An index of 0 was attributed to the cultures showing no preferential growth. We prepared 20 μm cryosections covering the entire spinal cord from embryos fixed in 4% paraformaldehyde, embedded in 7.5% gelatin, 15% sucrose in PBS, and incubated over night at 4°C with the following antibodies: Plexin-A1 (1/100, AbCAM), Neurofilament 160 kDa (1/100, RMO Zymed), Ngn1 (1/100, Santa-Cruz), Robo3 (1/100, R&D), DCC (1/100, BD), GFRα1 (1/100, R&D), PSA-NCAM (1/100, DSHB), and secondary antibodies Alexa 594, Alexa 488 (1/500, Invitrogen), and Fluoroprobe 546 (1/100) with bisbenzimide (1/2,000, Promega). For lacZ
staining, spinal cord open books were Androgen Receptor Antagonist prepared, fixed in 4% PFA, and incubated with 5 mM Ferro/Ferri cyanide, 2 mM MgCl2, and
1 mg/ml X-Gal in PBS at 37°C and the reaction was stopped in PBS. Chromogenic immunostaining and in situ hybridization was performed as described in Moret et al. (2007). Nuclei were stained with bisbenzimide (Promega) and actin with TRITC-phalloidin in neuronal cultures. Spinal cords were dissected from E12.5 and E13.5 embryos of the gdnf NrCAM, NrCAM/gdnf, NCAM, and RET-wnt-flox Ibrutinib mouse lines and prepared in an “open book” conformation and fixed in 4% PFA overnight. Small crystals of DiI (Invitrogen) were inserted in the dorsal part of one hemicord. Axon trajectories were observed using fluorescence microscopy after 48 hr. Isolated dorsal spinal cord fresh tissue was incubated for 1 hr at 37°C with control, FPcm, or gdnf and treated according to manufacturer’s instructions (Calbiochem). Calpain activity was measured by fluorogenic activity (Victor 3 multilabel counter, Perkin Elmer). For t-BOC assays, dorsal spinal over cord tissues from E12.5 embryos were dissociated, and cells were plated into polylysin- and laminin-coated glass coverslips in Neurobasal medium (GIBCO) supplemented with B27 (GIBCO), glutamine (GIBCO), and Netrin-1 (R&D) medium.

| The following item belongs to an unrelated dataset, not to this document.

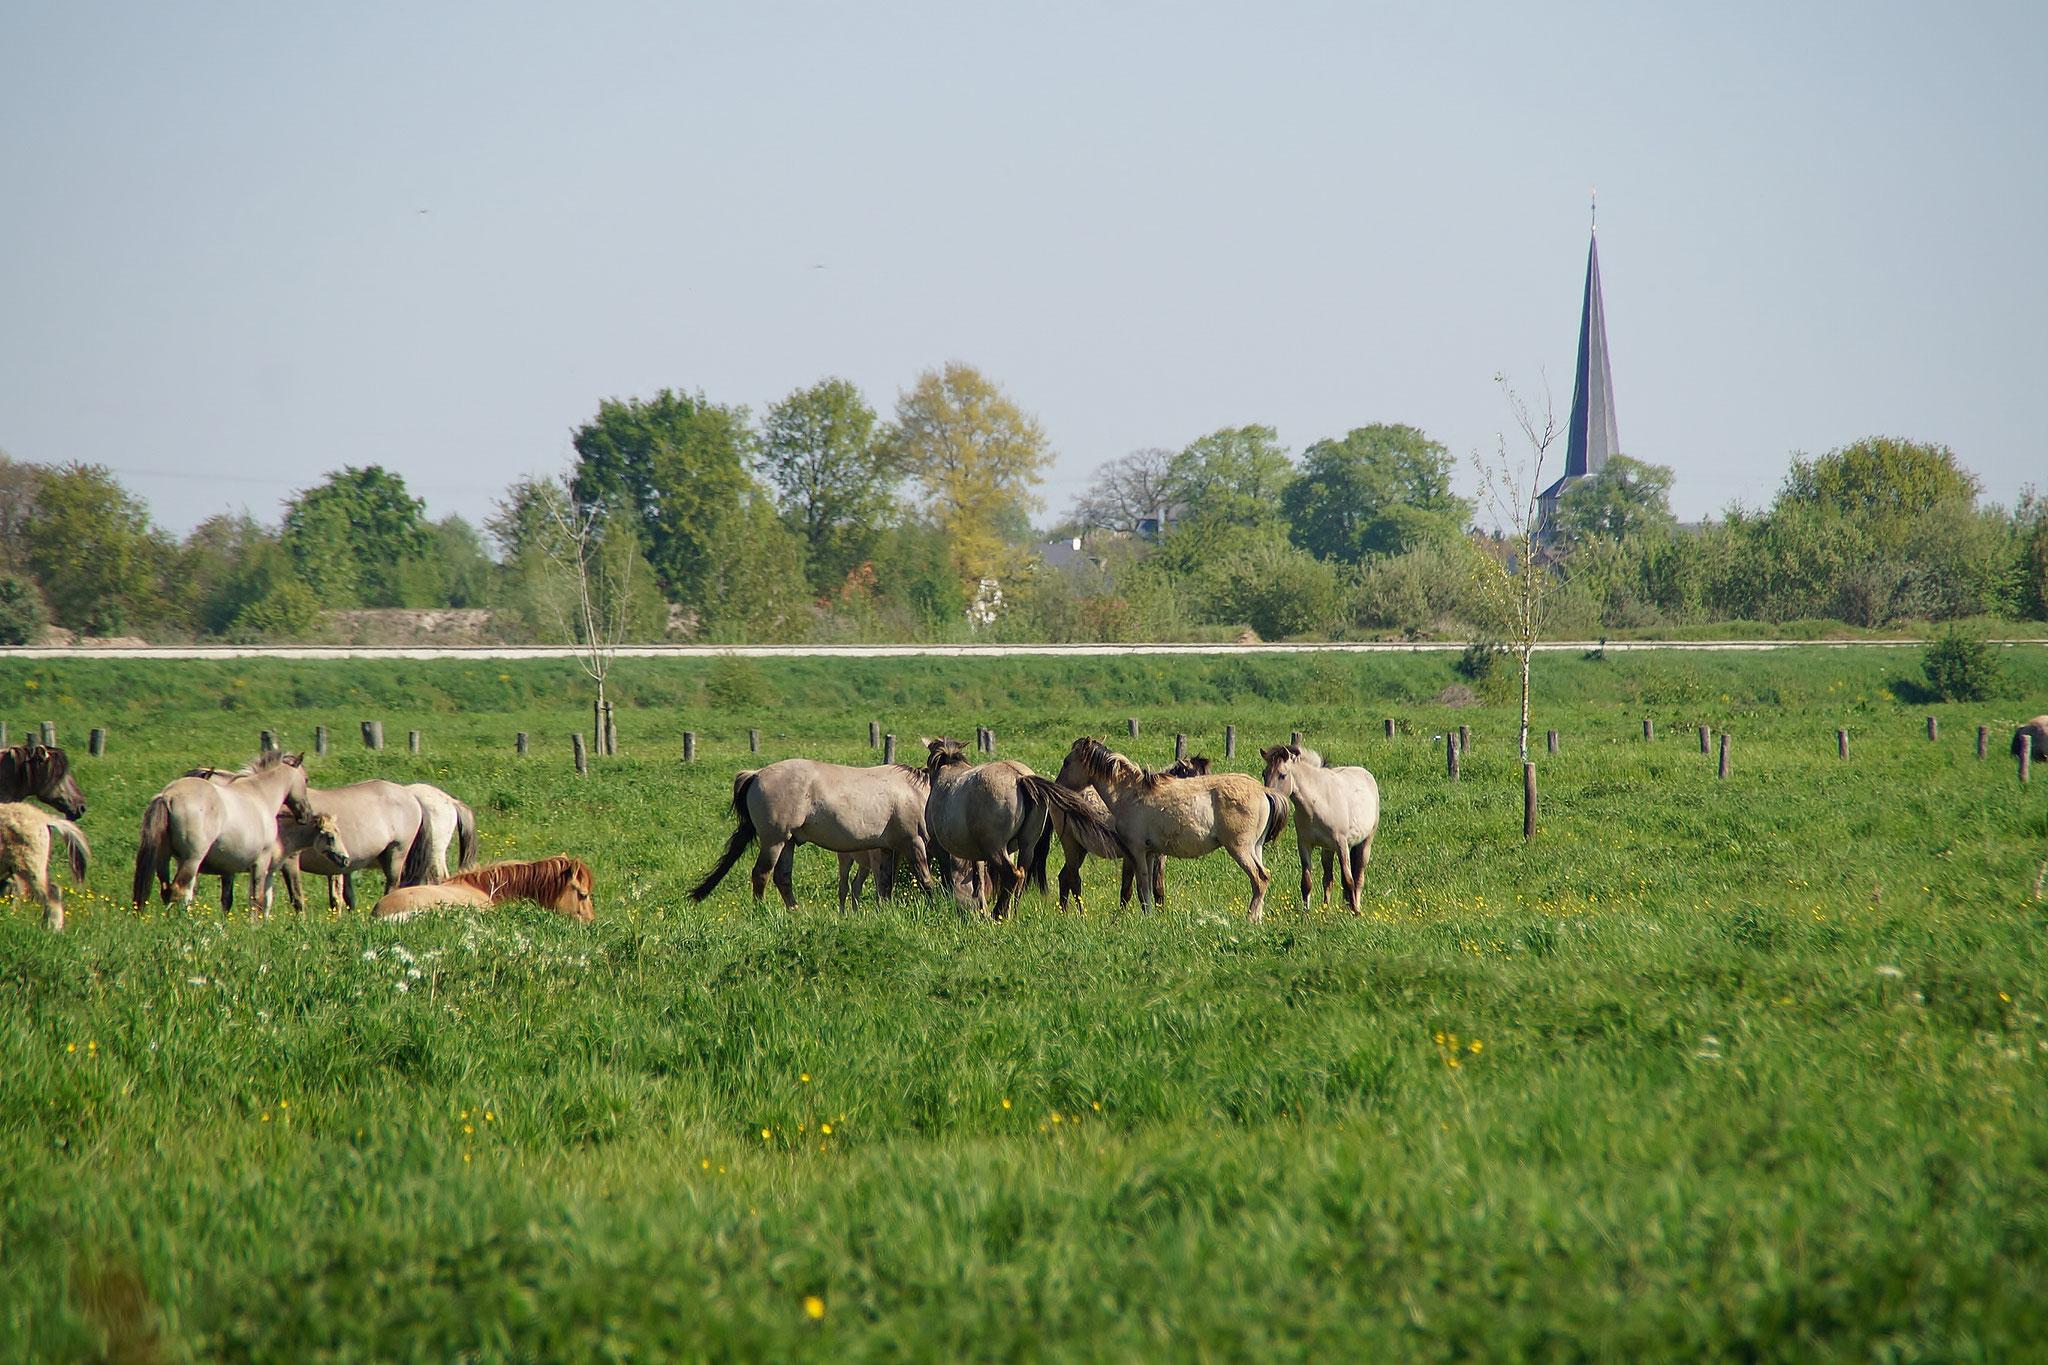 Wildpferde im Naturpark Maas-Schwalm-Nette kurz vor der Grenze nach Maaseik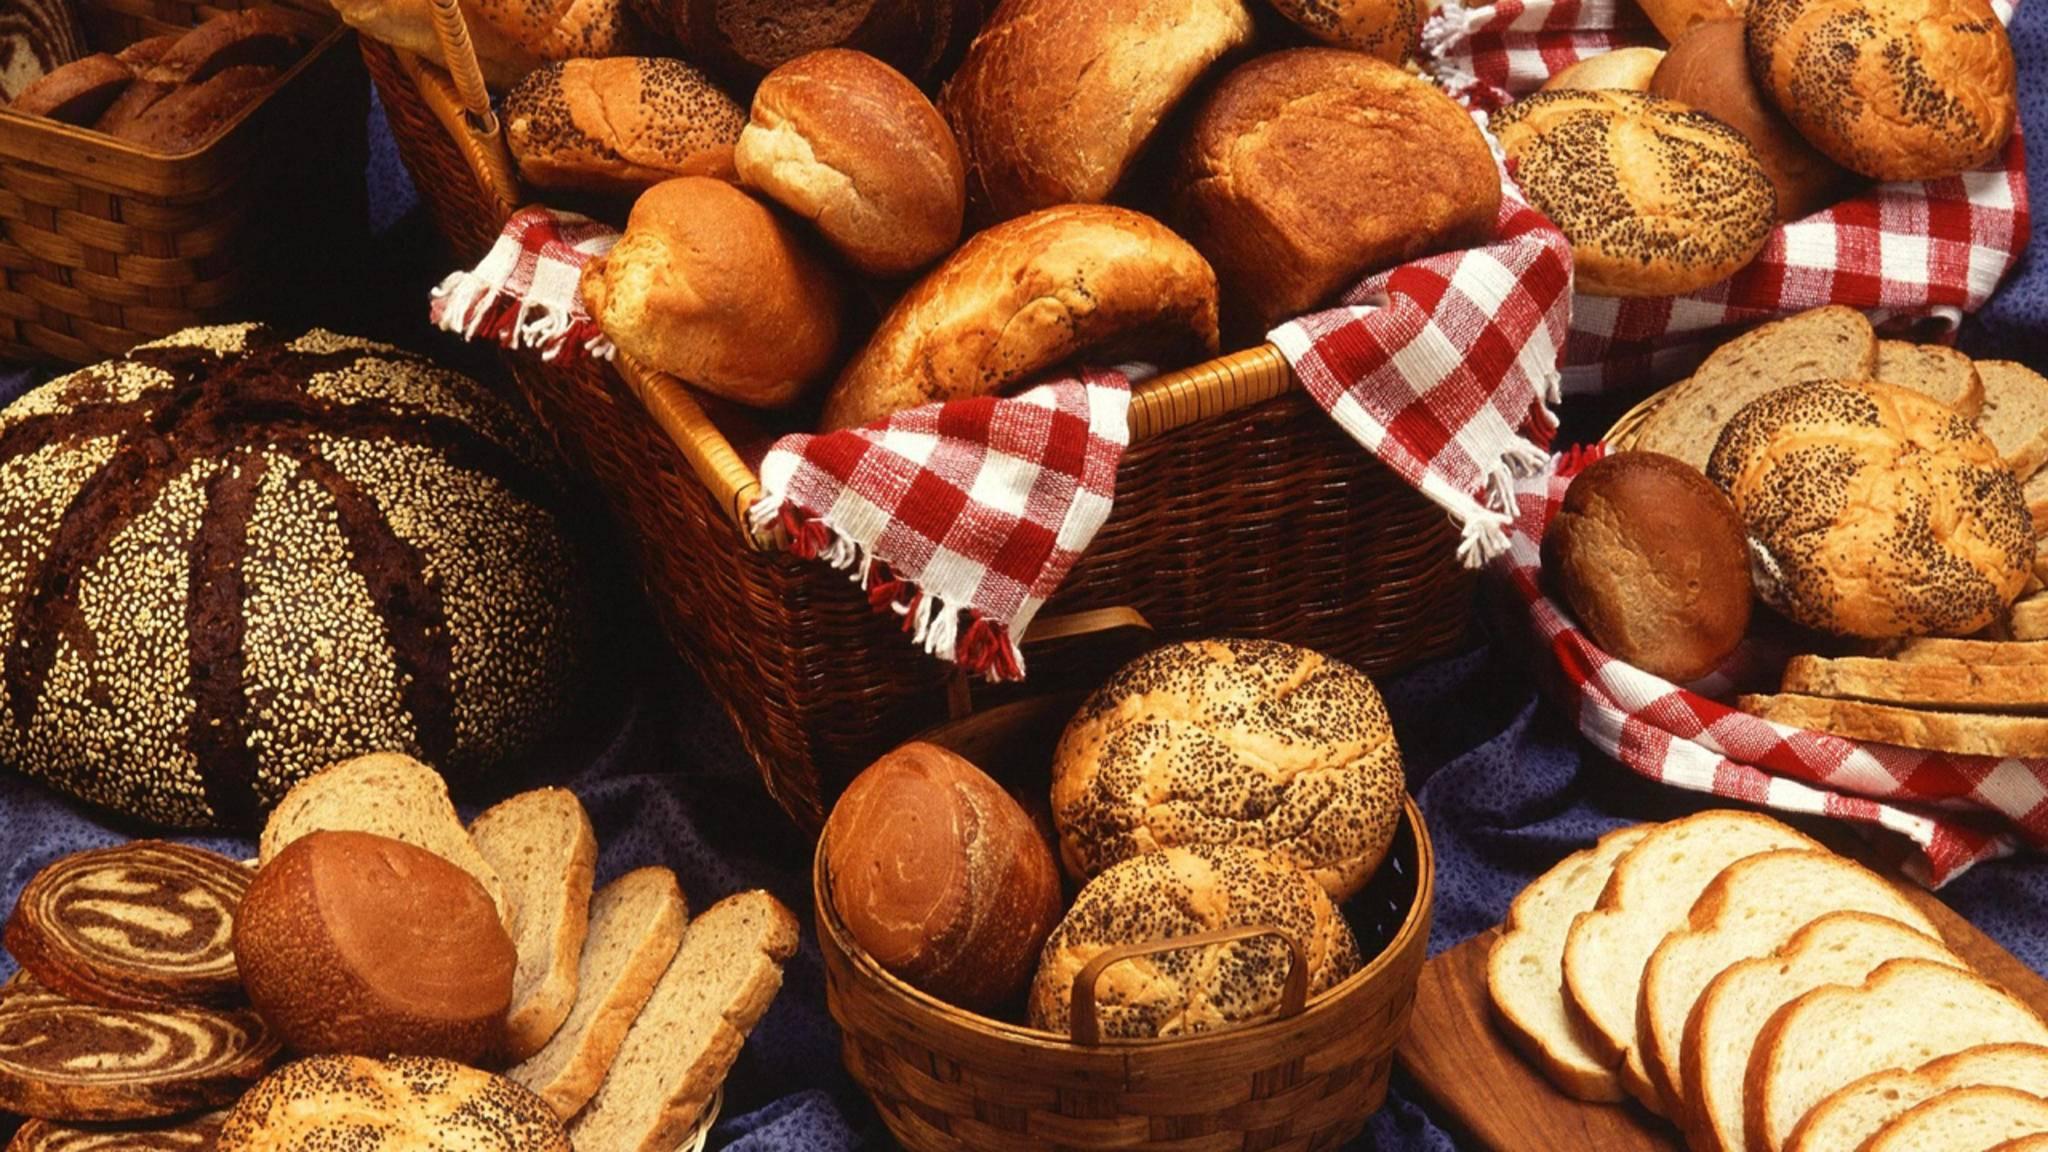 Das Klebereiweiß Gluten ist zum Beispiel in vielen Brotsorten enthalten. Schädlich ist es nur für Menschen mit einer eher seltenen Krankheit.

After 2 days in culture, neurons were incubated with control, FPcm, or gdnf for 1 hr at 37°C. Neurons were then treated with t-BOC (10 μM; Invitrogen) for 30 min at 37°C; staining was observed immediately over 20 min maximum. For the analysis, images from all conditions were collected with the same settings. Using ImageJ, a constant threshold was applied to all images to collect the high t-BOC cell population over the whole population, which was quantified in phase contrast. To measure Plexin-A1 levels, we treated neuronal cultures with control, FPcm, or gdnf and processed for immunohistochemistry with anti-Plexin-A1 antibody and phalloidin. Images of individual neurons were taken and the Plexin-A1 fluorescence was quantified using ImageJ software. To measure Plexin-A1 levels in vivo, transverse sections were performed and processed for immunohistochemistry with anti-Plexin-A1 and anti-Nf160kD antibodies. The fluorescence was quantified using ImageJ software into the FP and the two adjacent PC domains and normalized to the selected area.